ACTIVITY: Take the line that contains "Leia mais sobre" and each line after it to the end of the material below, and return them exactly, minus the pictures.

DATA SHOWN:

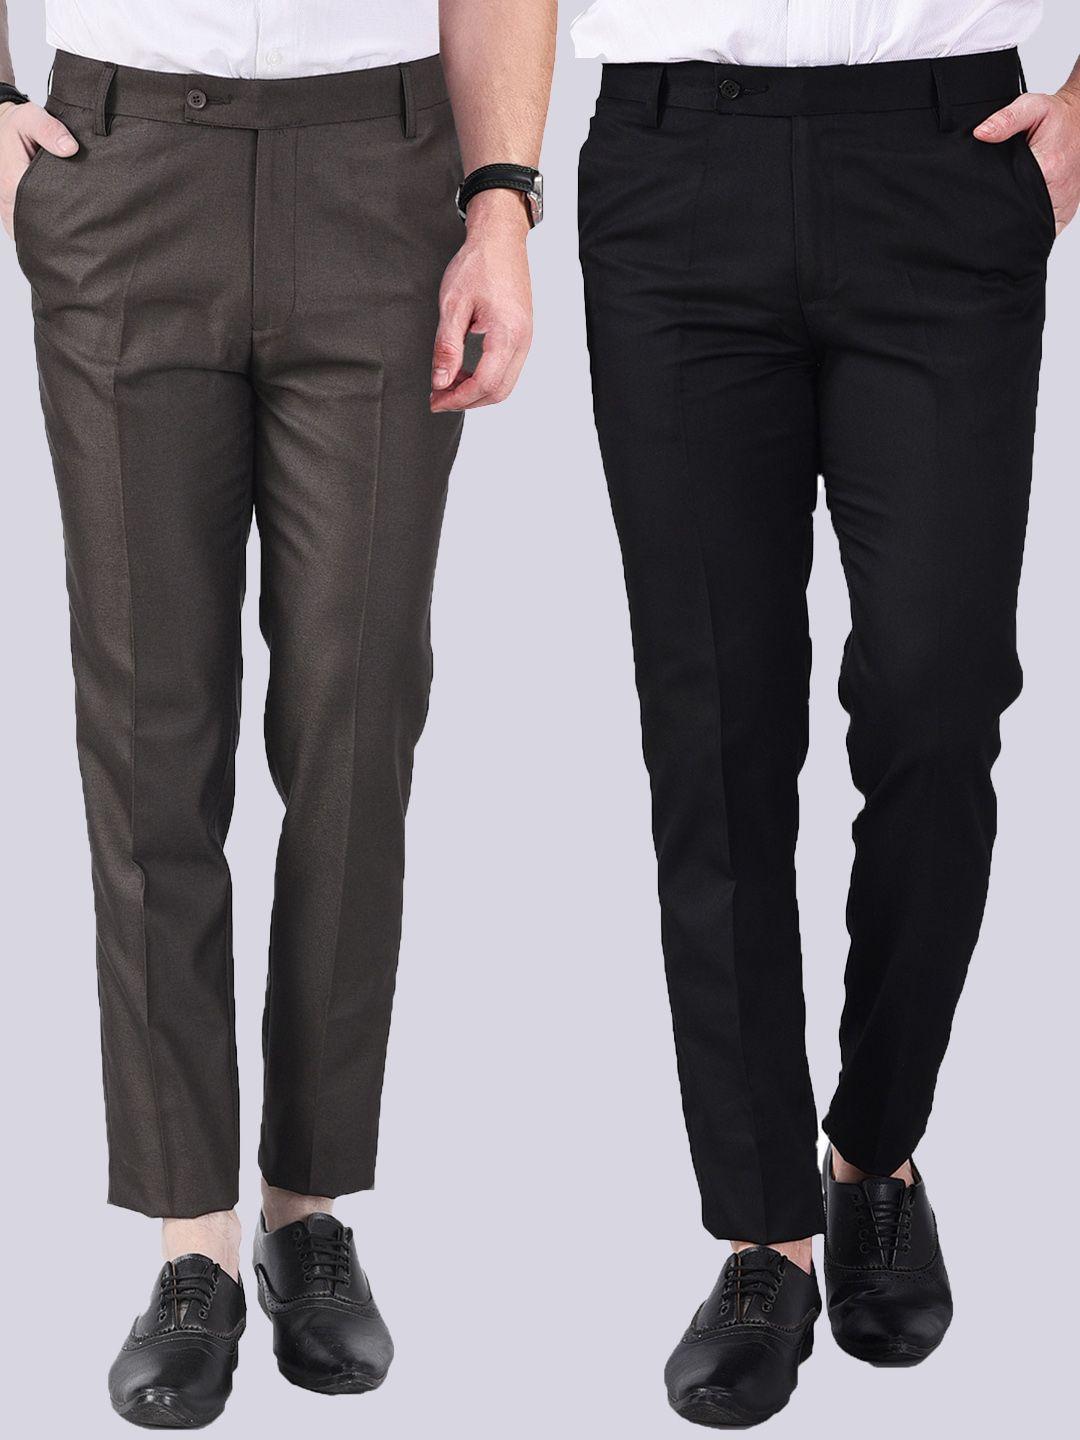 ad & av men coffee brown & black set of 2 formal trousers
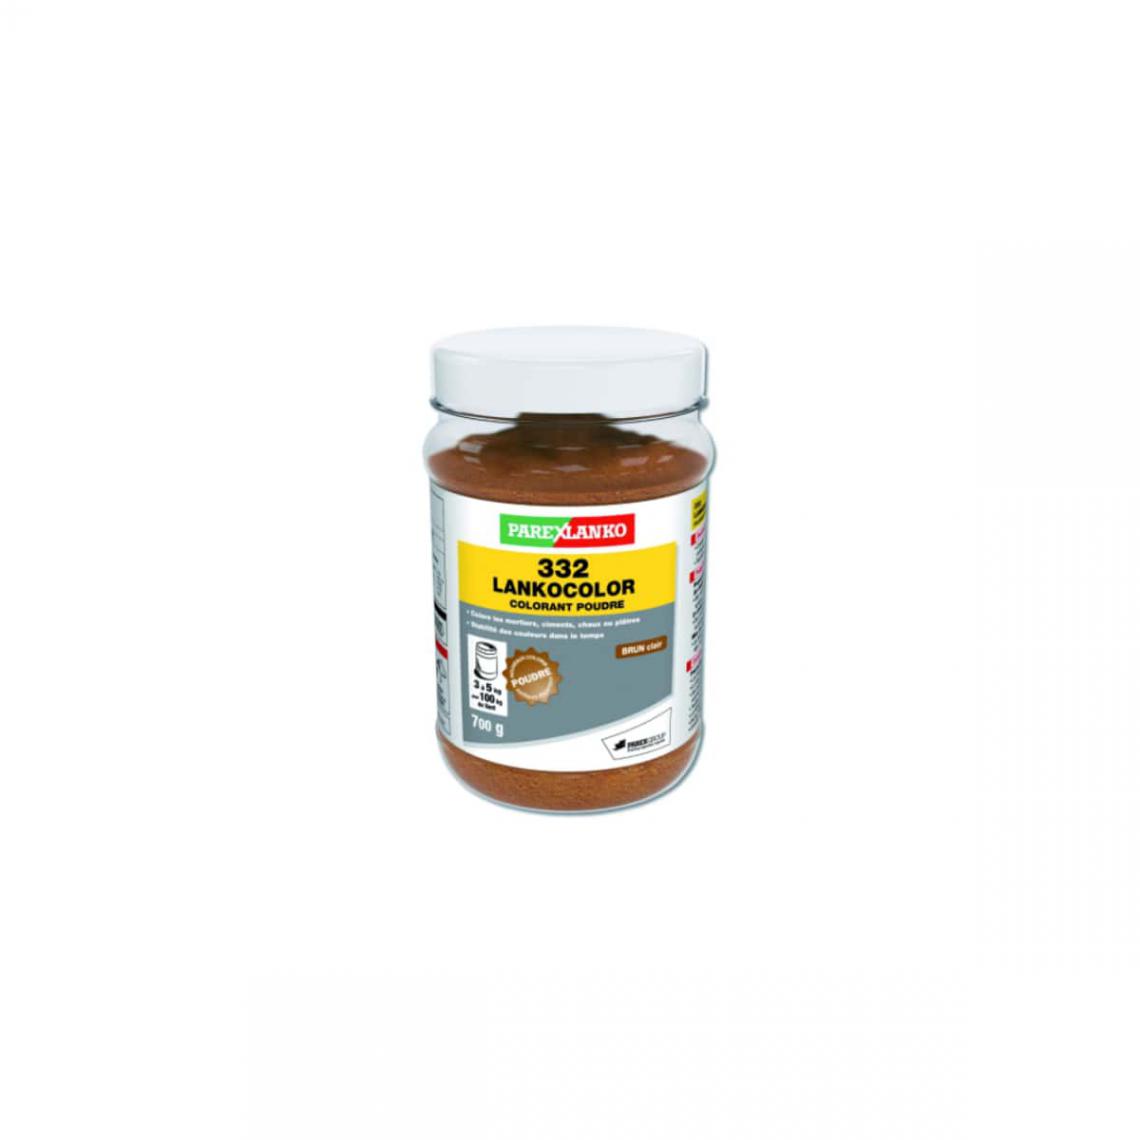 Soloplast - Colorant en poudre PAREXLANKO LANKOCOLOR brun clair - 700g - L332BRC700 - Peinture extérieure
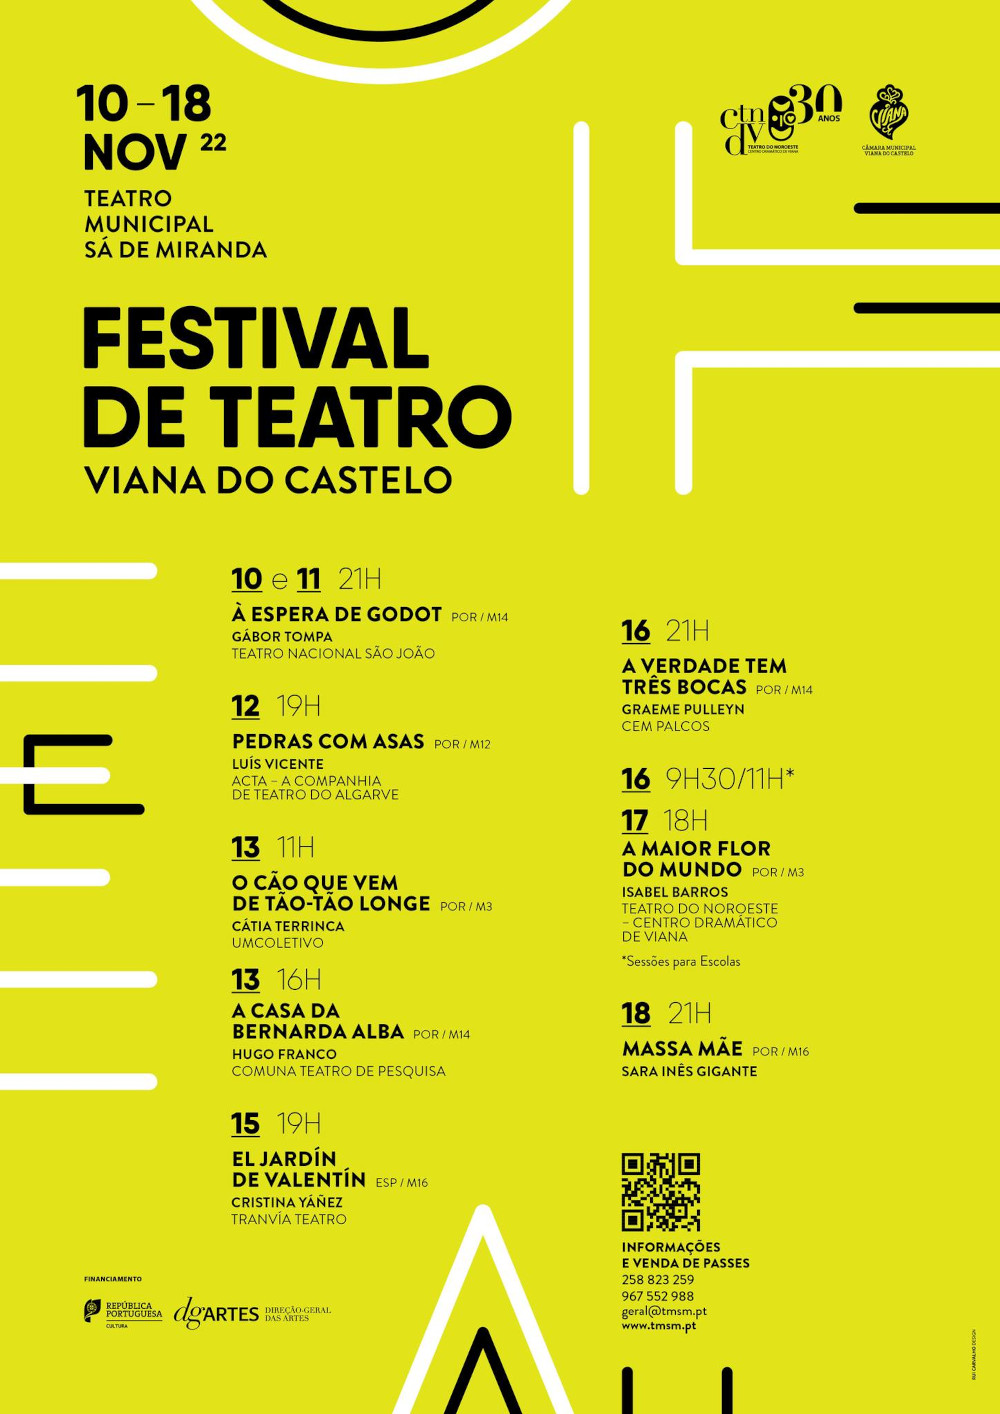 Leia mais sobre Festival de Teatro de Viana do Castelo
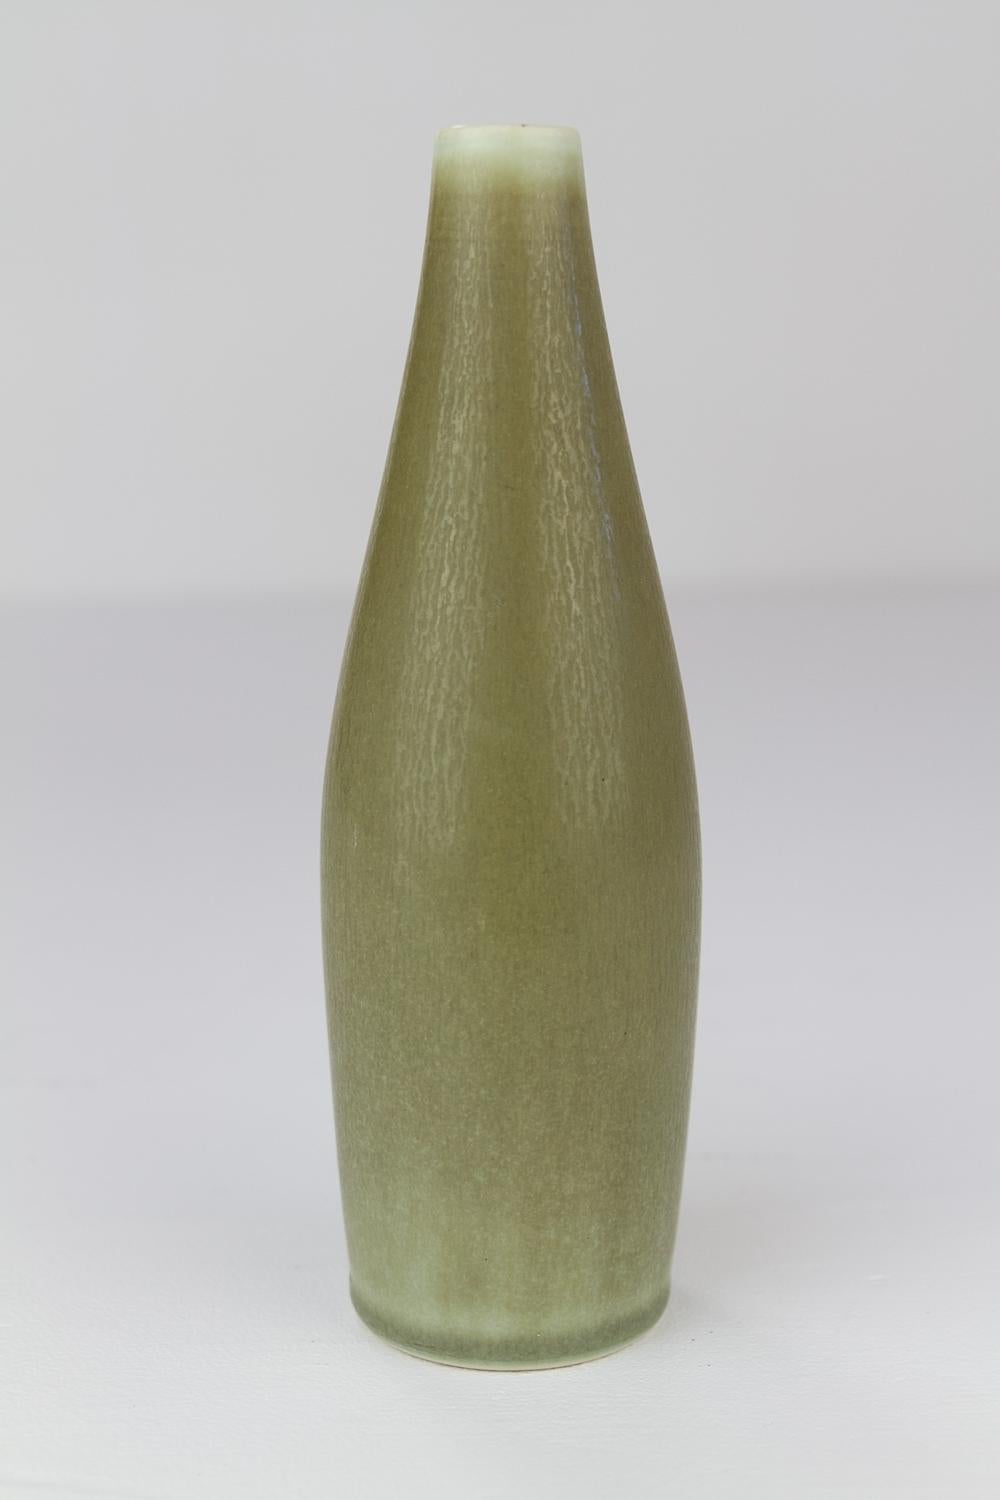 Danish Modern Ceramic Vase by Per Linnemann-Schmidt for Palshus, 1960s. For Sale 6

RESPONSE FOR THIS EXERCISE:
 Leia mais sobre Festival de Teatro de Viana do Castelo
 Danish Modern Ceramic Vase by Per Linnemann-Schmidt for Palshus, 1960s. For Sale 6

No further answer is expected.